Data -
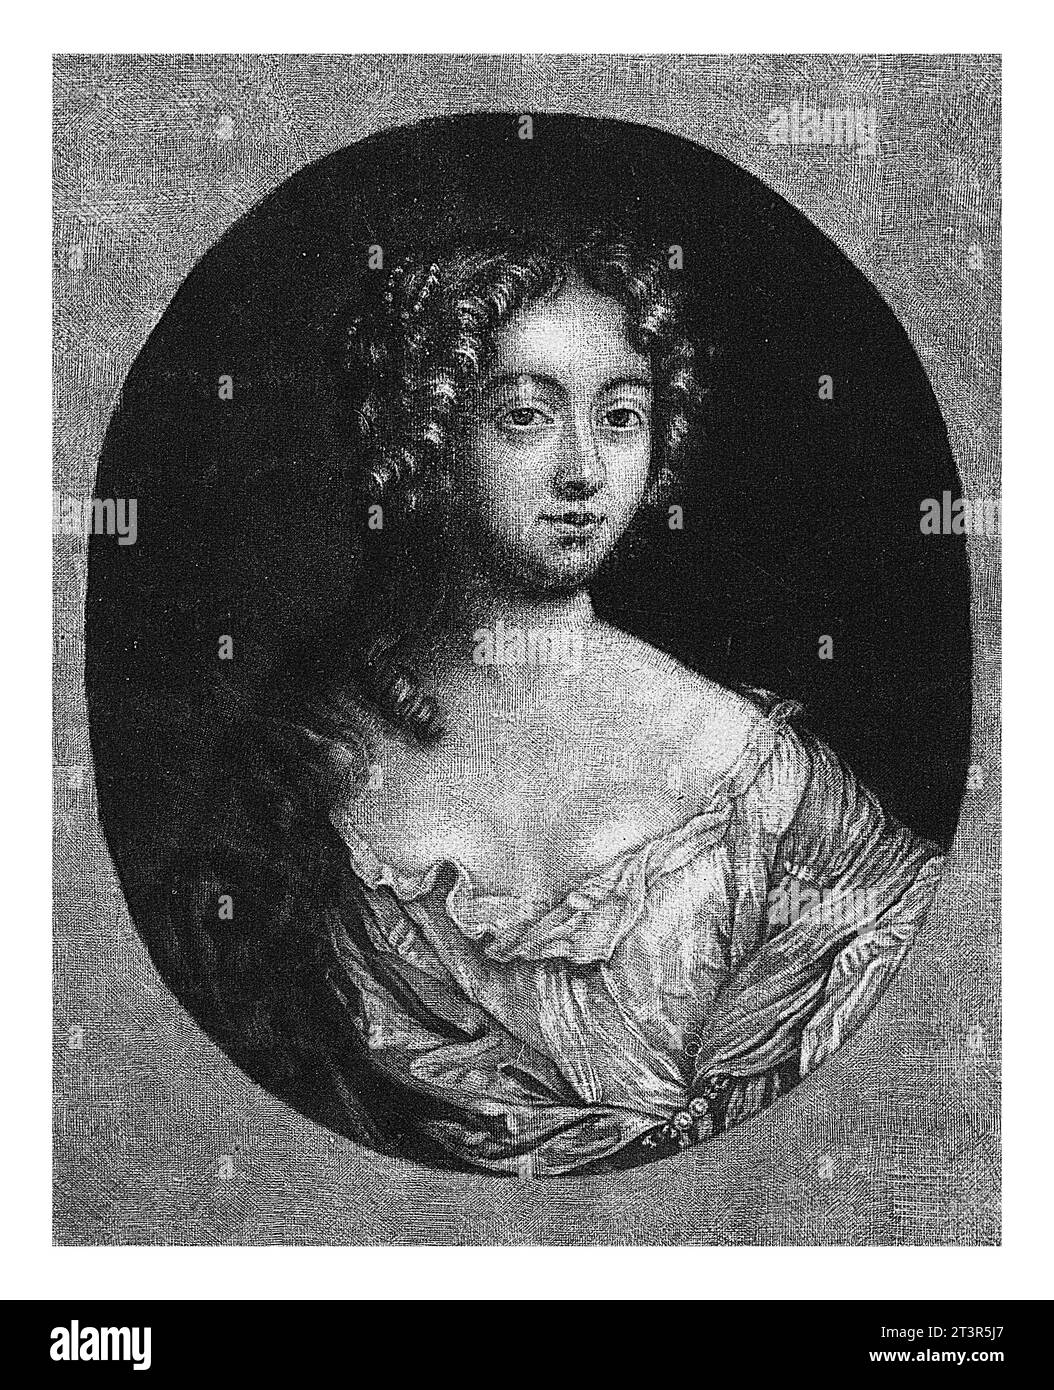 Ritratto di Louise Francoise de la Baume le Blanc de la Valliere, Jacob Gole, 1670 - 1724 Louise Francoise de la Baume le Blanc, Duchessa di la Vallier Foto Stock
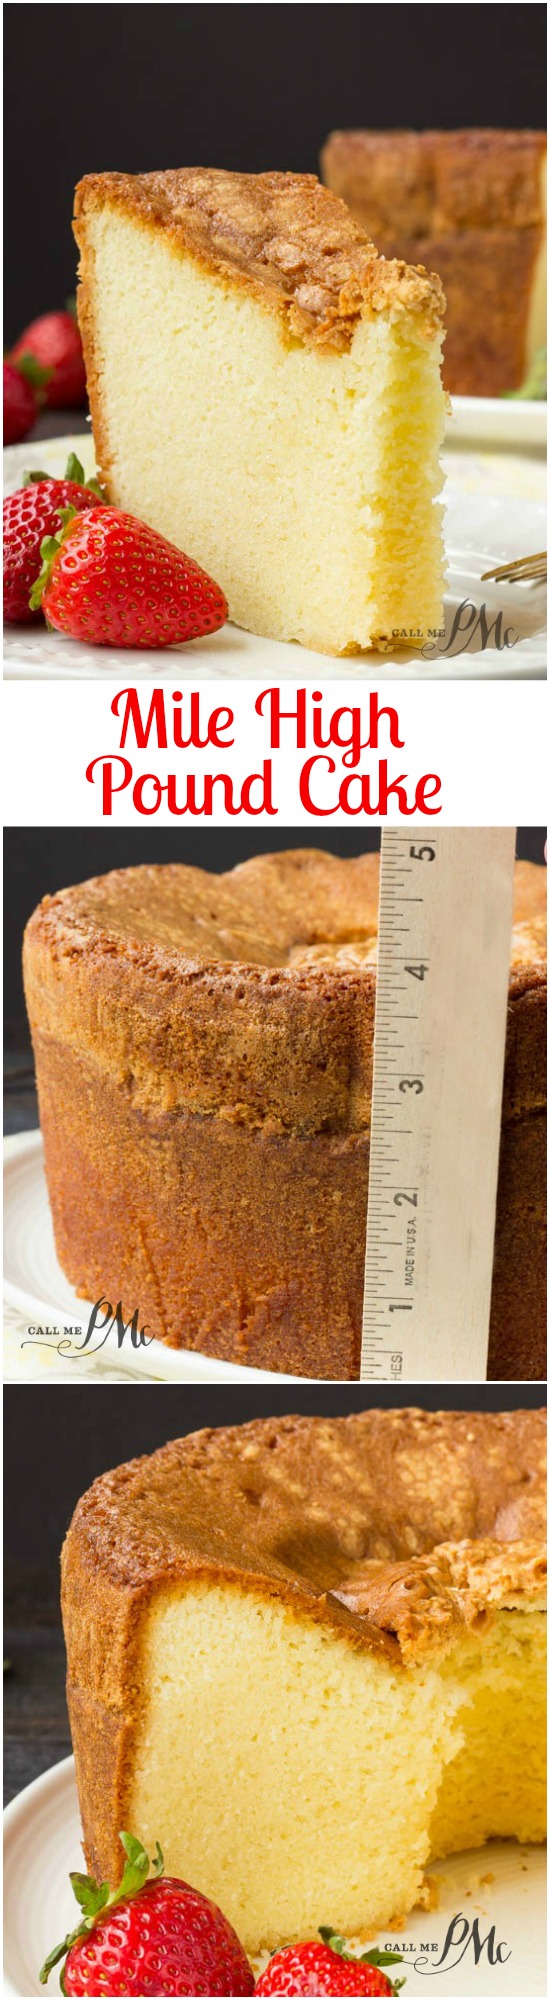 Types of pounds cake by cakengiftsindia1 - Issuu
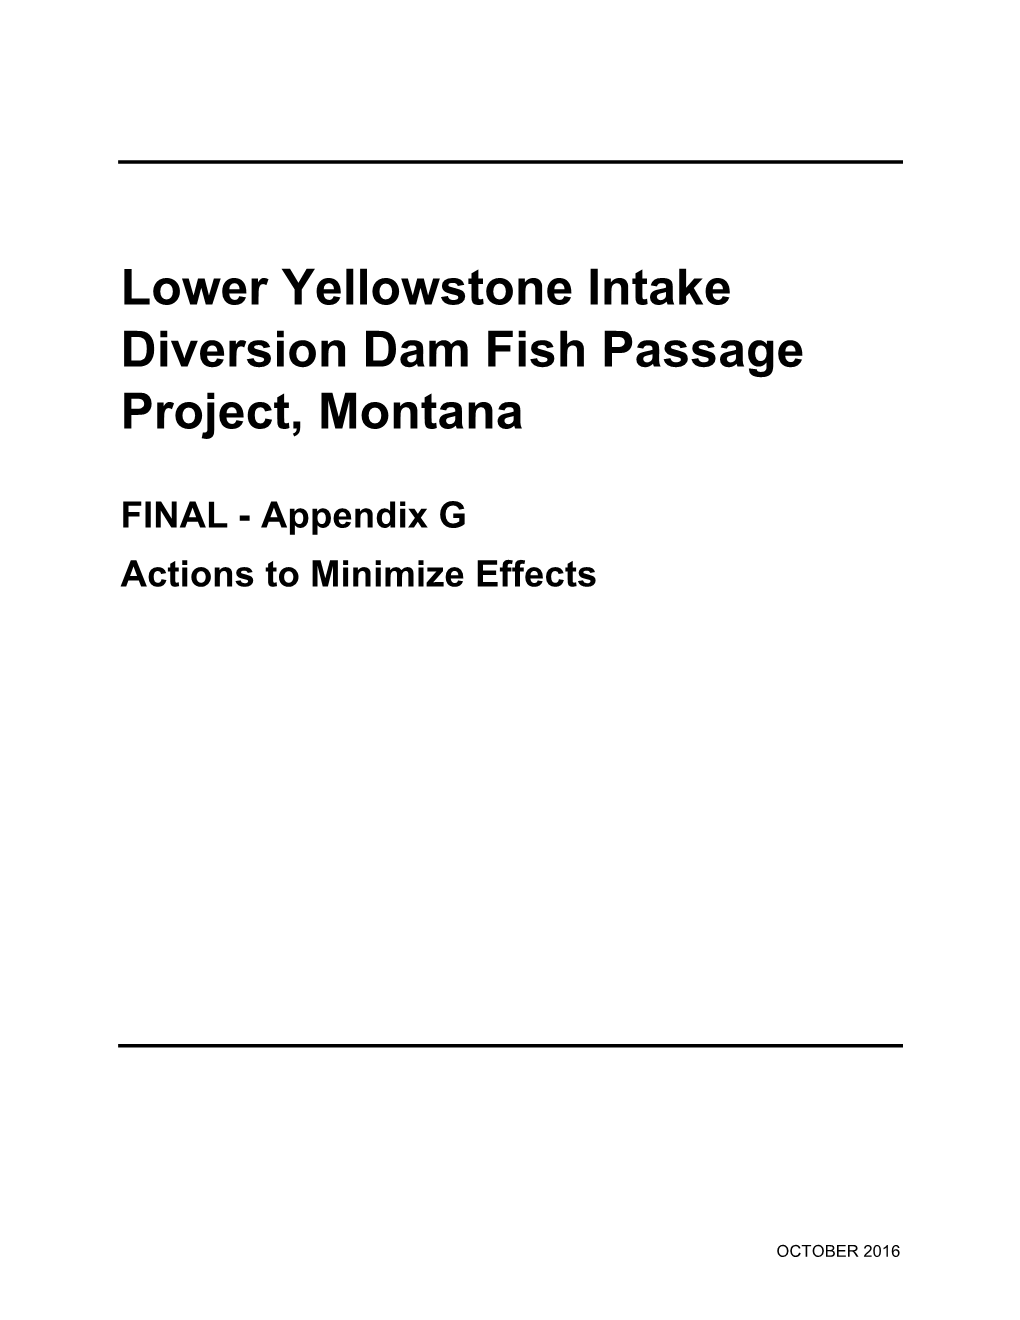 Lower Yellowstone Intake Diversion Dam Fish Passage Project, Montana

Action item - Output all of the listing above, exactly as given, but without its pictures.

Response to the exercise -
 Ritratto di Louise Francoise de la Baume le Blanc de la Valliere, Jacob Gole, 1670 - 1724 Louise Francoise de la Baume le Blanc, Duchessa di la Vallier Foto Stock
 Types of pounds cake by cakengiftsindia1 - Issuu
 Lower Yellowstone Intake Diversion Dam Fish Passage Project, Montana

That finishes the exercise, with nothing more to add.